## HOW TO COMPLETE THIS TASK:
What should be copied is the stretch of entries below from the line with "Chesterfield 22XL Rectangular" up to and including the line with "Strafprozeßrecht der DDR", exactly and without images.

## SUPPLIED DATA:
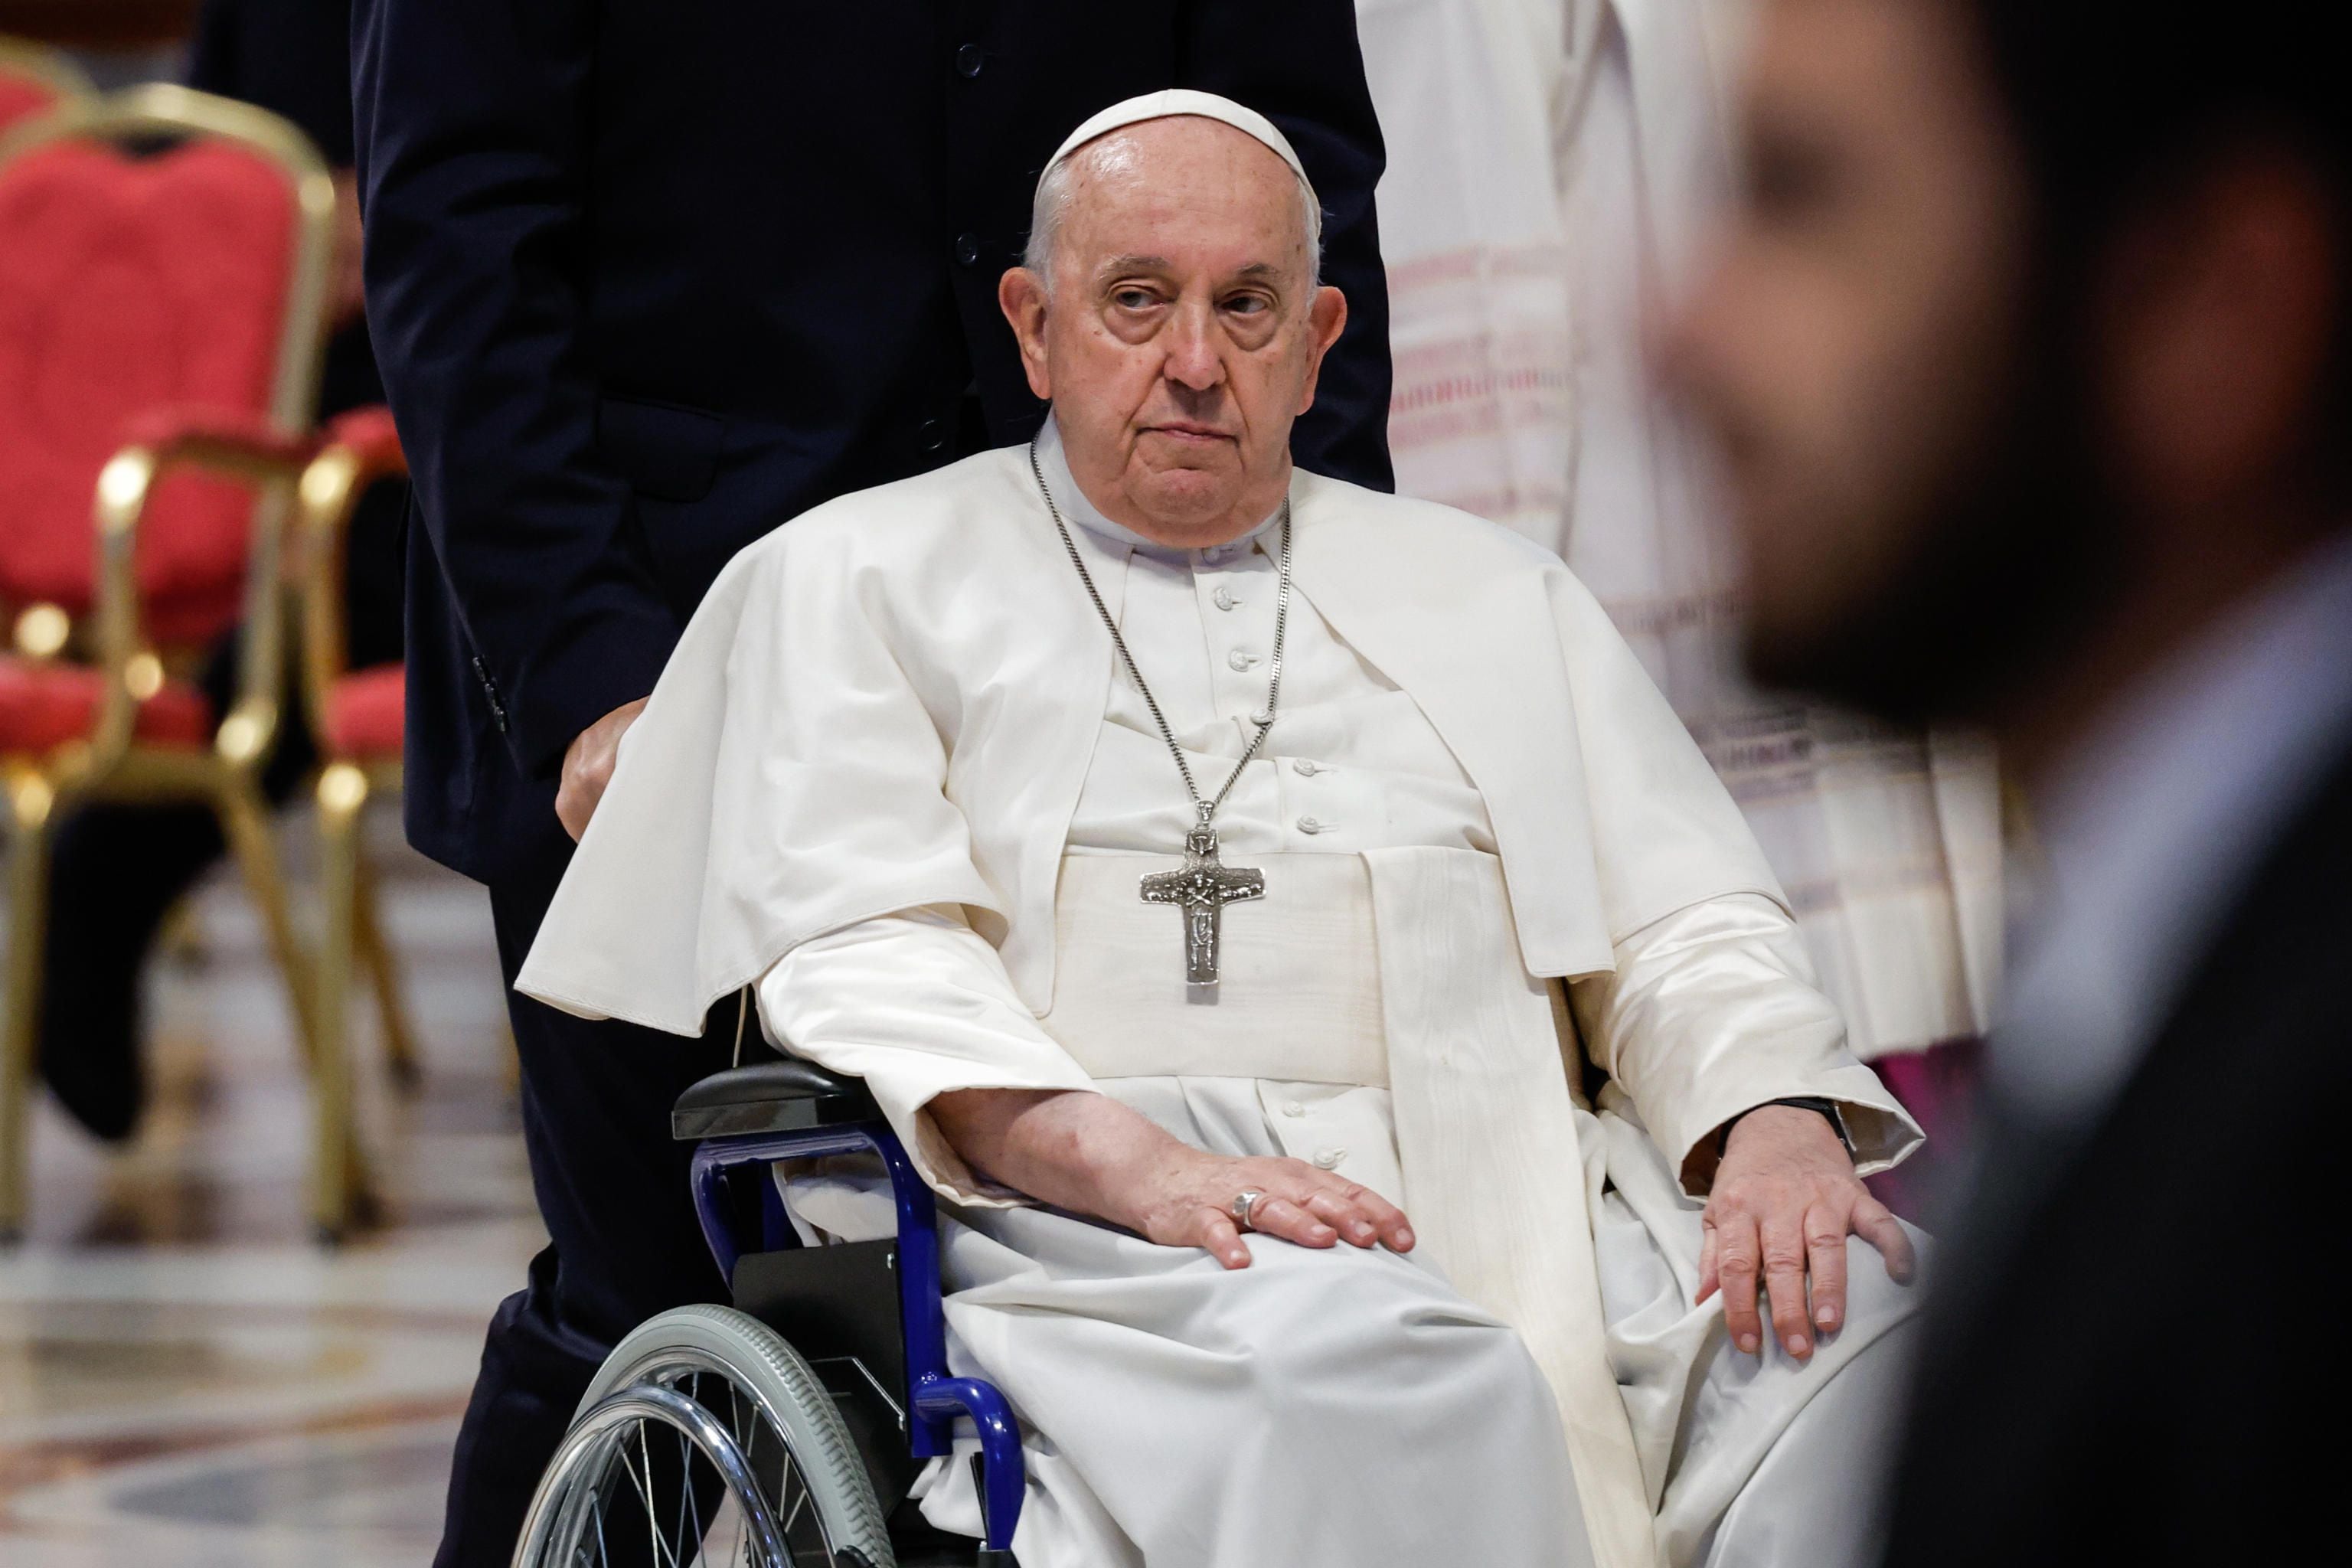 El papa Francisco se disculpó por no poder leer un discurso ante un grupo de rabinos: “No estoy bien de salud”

* * *

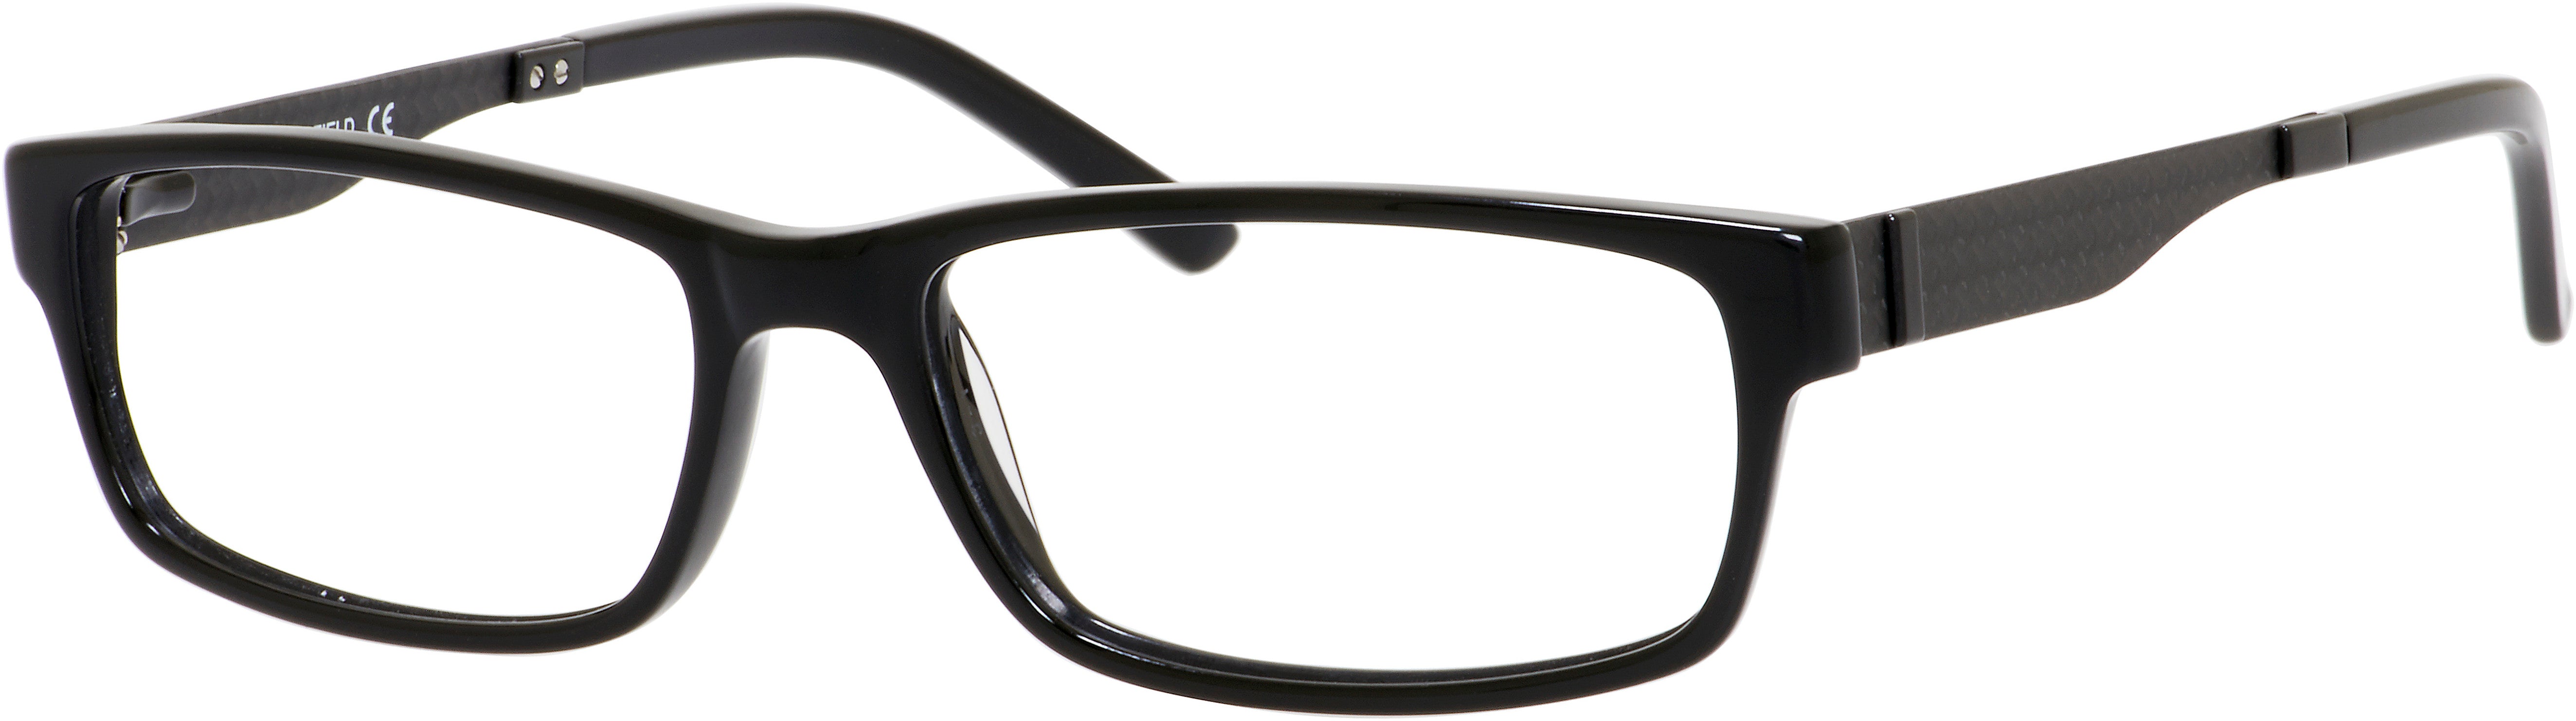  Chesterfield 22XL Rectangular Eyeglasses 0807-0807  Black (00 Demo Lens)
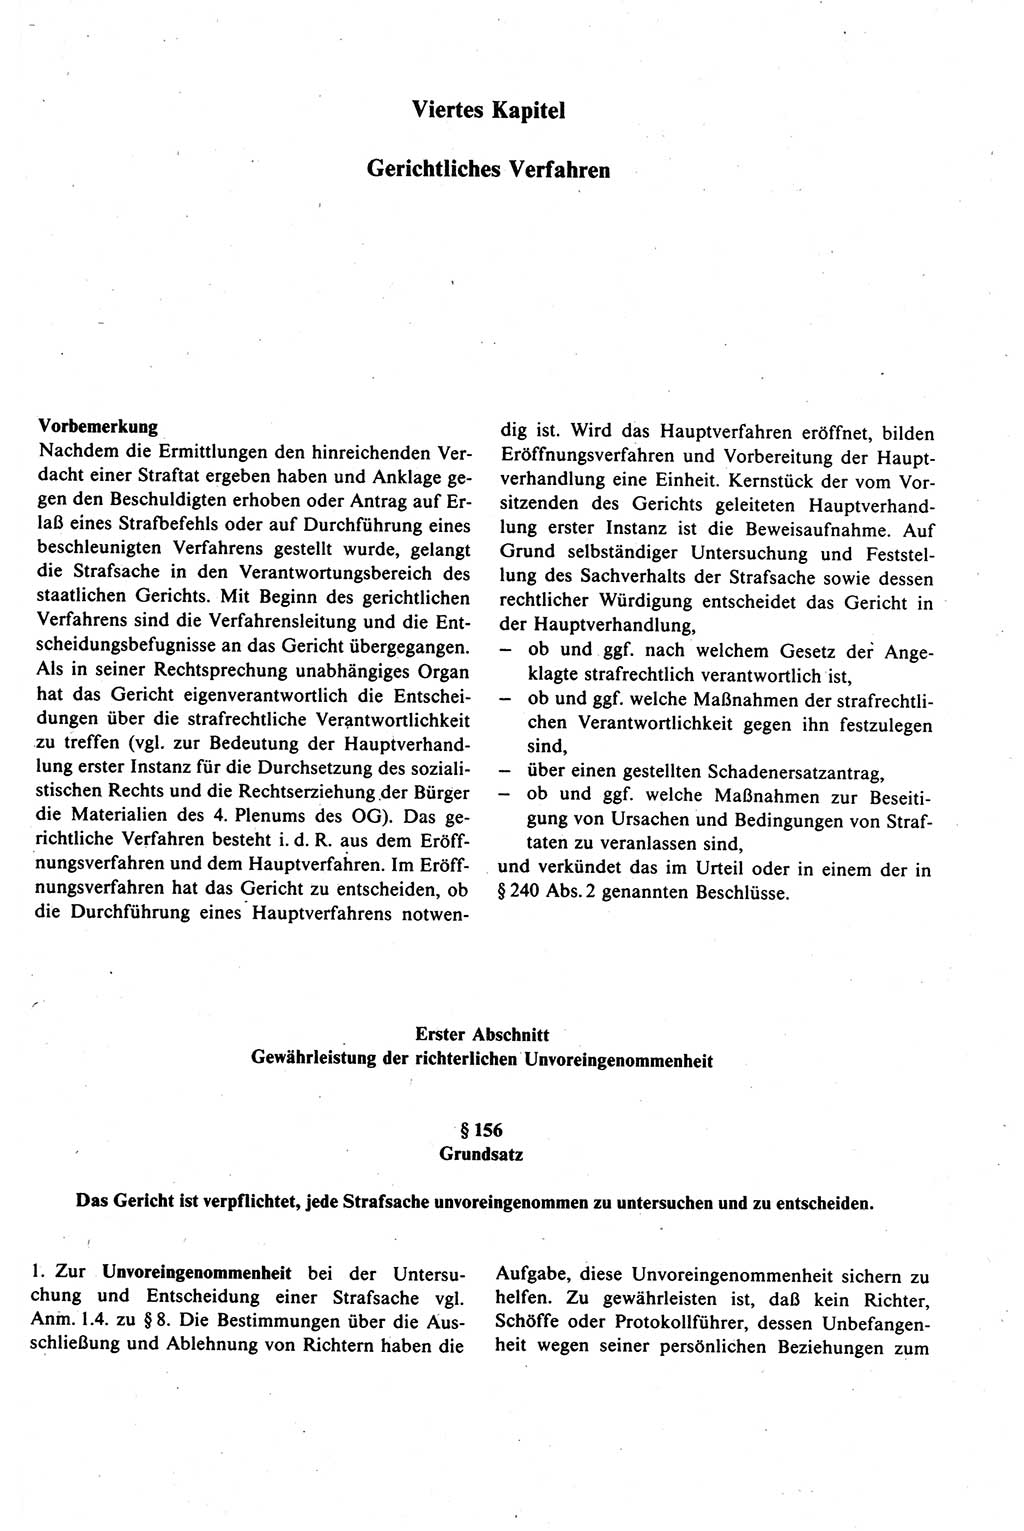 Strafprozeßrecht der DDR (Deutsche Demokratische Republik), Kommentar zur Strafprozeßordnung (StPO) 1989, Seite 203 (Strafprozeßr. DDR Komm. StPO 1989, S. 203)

## RESPONSE AREA:
  Chesterfield 22XL Rectangular Eyeglasses 0807-0807  Black (00 Demo Lens)
 Strafprozeßrecht der DDR (Deutsche Demokratische Republik), Kommentar zur Strafprozeßordnung (StPO) 1989, Seite 203 (Strafprozeßr. DDR Komm. StPO 1989, S. 203)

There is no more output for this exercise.